DATASET EXTRACT: Begin
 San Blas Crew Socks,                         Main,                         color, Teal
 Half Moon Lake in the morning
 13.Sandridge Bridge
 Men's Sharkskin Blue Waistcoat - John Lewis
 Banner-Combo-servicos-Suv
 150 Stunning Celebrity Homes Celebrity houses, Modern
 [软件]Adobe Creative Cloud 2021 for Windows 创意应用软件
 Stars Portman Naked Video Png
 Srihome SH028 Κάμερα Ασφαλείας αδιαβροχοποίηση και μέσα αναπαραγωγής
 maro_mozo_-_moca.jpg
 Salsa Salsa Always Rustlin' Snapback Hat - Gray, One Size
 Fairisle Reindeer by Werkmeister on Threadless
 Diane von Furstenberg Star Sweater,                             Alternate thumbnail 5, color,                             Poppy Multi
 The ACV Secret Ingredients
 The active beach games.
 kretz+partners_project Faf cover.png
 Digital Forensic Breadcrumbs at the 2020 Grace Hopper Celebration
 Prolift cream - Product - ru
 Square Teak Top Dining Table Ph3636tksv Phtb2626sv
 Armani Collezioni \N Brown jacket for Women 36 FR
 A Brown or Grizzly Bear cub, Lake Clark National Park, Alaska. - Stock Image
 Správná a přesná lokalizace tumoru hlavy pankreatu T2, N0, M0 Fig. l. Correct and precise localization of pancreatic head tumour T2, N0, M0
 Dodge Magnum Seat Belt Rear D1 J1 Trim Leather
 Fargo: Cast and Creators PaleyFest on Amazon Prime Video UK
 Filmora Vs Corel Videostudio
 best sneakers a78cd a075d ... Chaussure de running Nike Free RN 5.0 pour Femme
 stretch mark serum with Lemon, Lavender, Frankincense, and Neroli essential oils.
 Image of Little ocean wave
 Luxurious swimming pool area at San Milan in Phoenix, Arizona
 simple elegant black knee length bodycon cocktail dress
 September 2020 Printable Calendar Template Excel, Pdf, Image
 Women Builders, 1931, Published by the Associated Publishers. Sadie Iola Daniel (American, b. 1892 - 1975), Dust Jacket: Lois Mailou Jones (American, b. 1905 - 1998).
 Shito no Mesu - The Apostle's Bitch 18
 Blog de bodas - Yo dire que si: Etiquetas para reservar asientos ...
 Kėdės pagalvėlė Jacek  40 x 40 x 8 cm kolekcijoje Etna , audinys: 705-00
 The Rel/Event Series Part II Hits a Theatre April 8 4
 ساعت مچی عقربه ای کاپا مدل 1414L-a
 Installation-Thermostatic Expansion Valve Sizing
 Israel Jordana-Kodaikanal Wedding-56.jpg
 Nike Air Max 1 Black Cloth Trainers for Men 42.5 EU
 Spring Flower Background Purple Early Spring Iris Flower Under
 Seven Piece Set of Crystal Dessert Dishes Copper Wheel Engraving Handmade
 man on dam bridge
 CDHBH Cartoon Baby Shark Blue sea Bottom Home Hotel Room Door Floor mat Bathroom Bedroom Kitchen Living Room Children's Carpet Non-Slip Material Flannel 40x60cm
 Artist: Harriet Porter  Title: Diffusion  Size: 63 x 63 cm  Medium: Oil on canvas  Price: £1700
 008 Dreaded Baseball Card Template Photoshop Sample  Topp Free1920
DATASET EXTRACT: End
THE PROBLEM: Check every line of the entries for "Blue" and report how many lines contain it, without any other words.

YOUR SOLUTION: 2